■ Task brief
In the entries below, find the line with "Pin by mavis" and the line with "tv unit design ideas photos photo - 4"; give again those lines and every line between them, exactly.

■ Data extracts
-*-*-
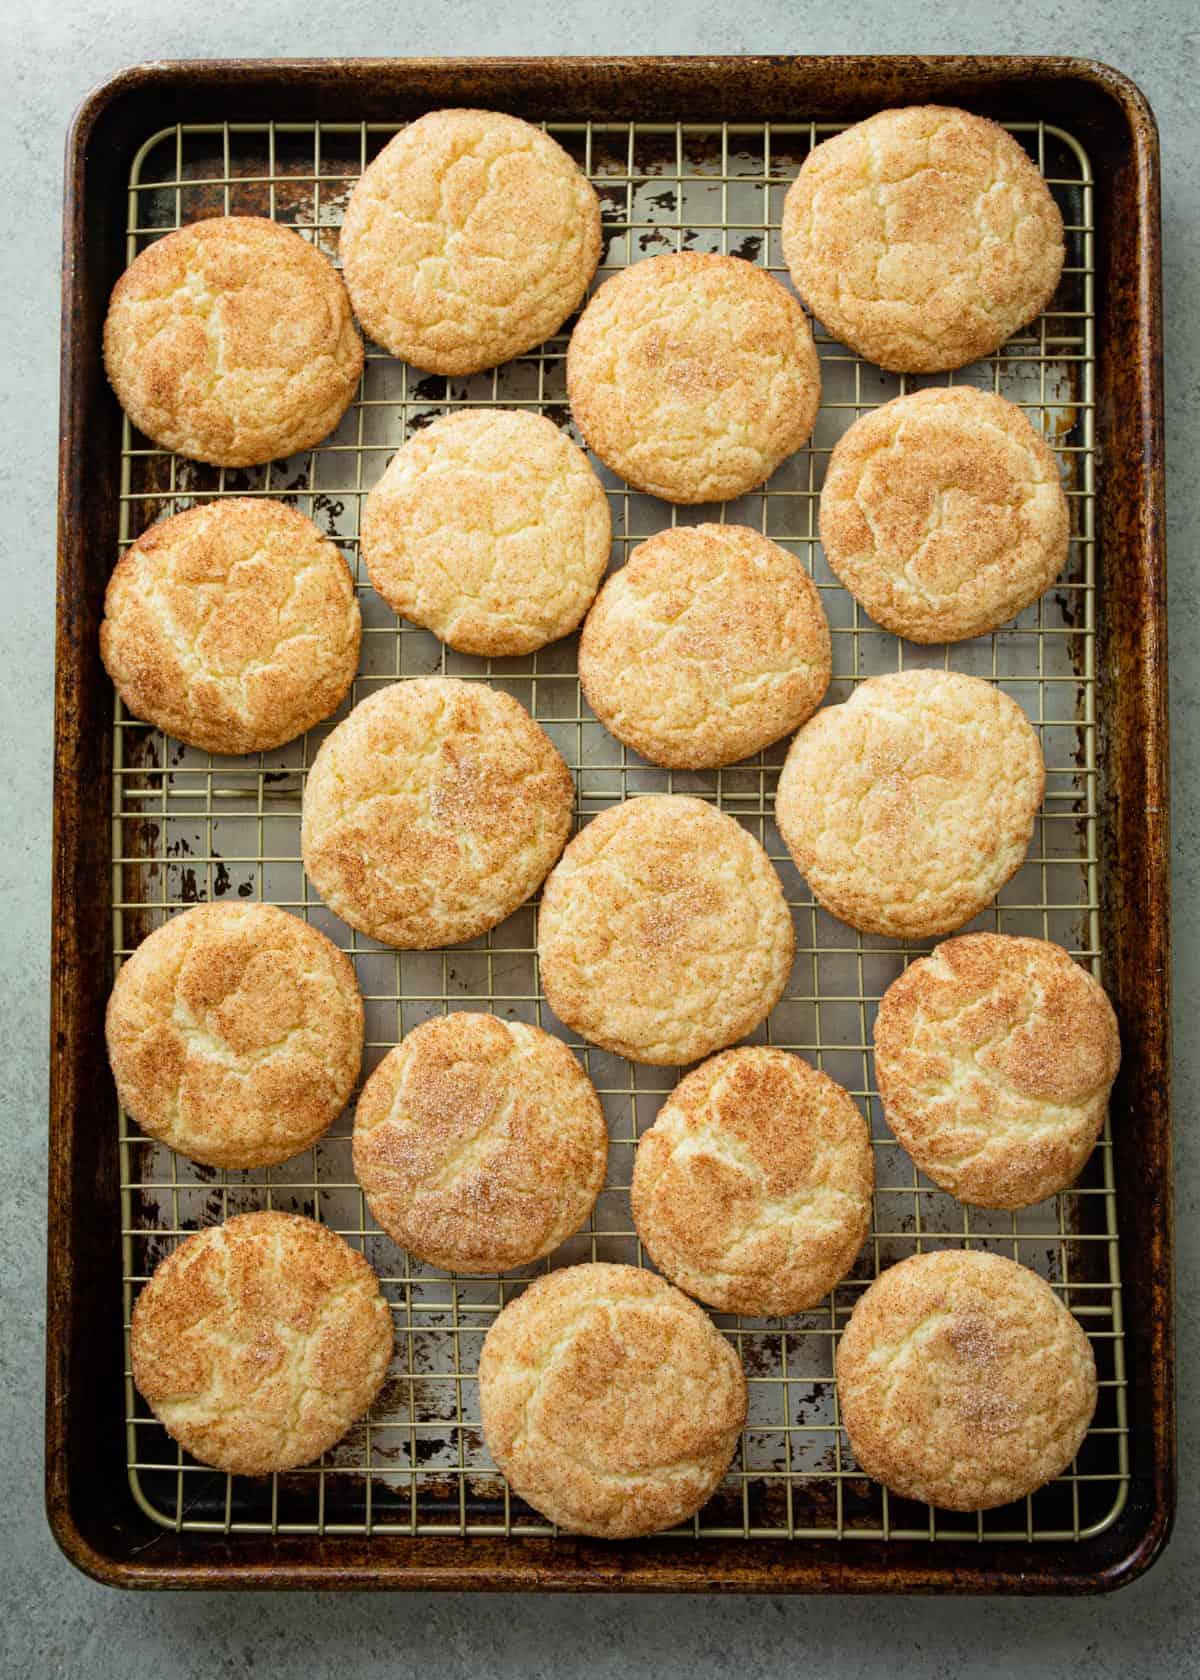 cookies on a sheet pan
-*-*-
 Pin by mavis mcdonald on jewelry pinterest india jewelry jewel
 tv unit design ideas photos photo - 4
-*-*-
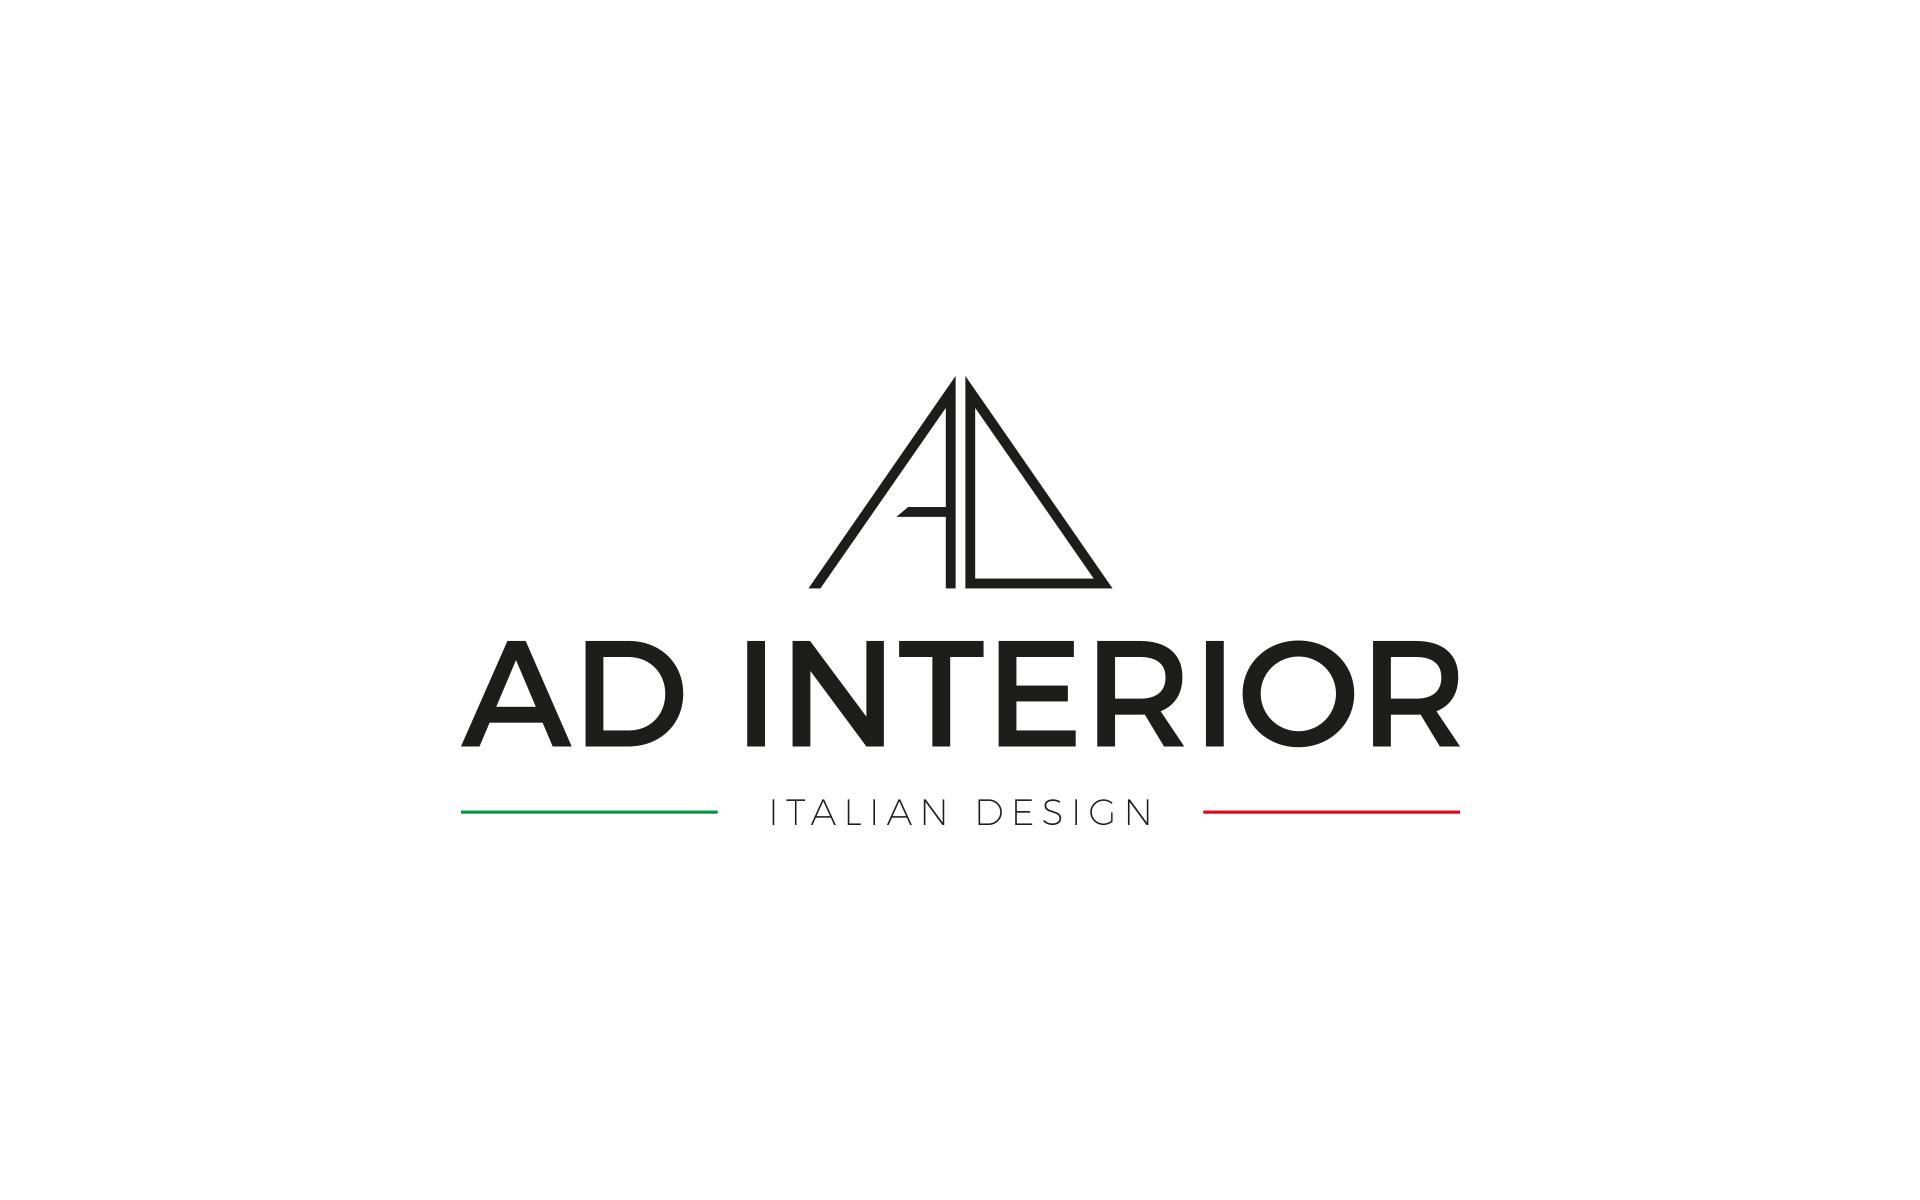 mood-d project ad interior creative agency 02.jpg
-*-*-
■ Answer below
 Pin by mavis mcdonald on jewelry pinterest india jewelry jewel
 tv unit design ideas photos photo - 4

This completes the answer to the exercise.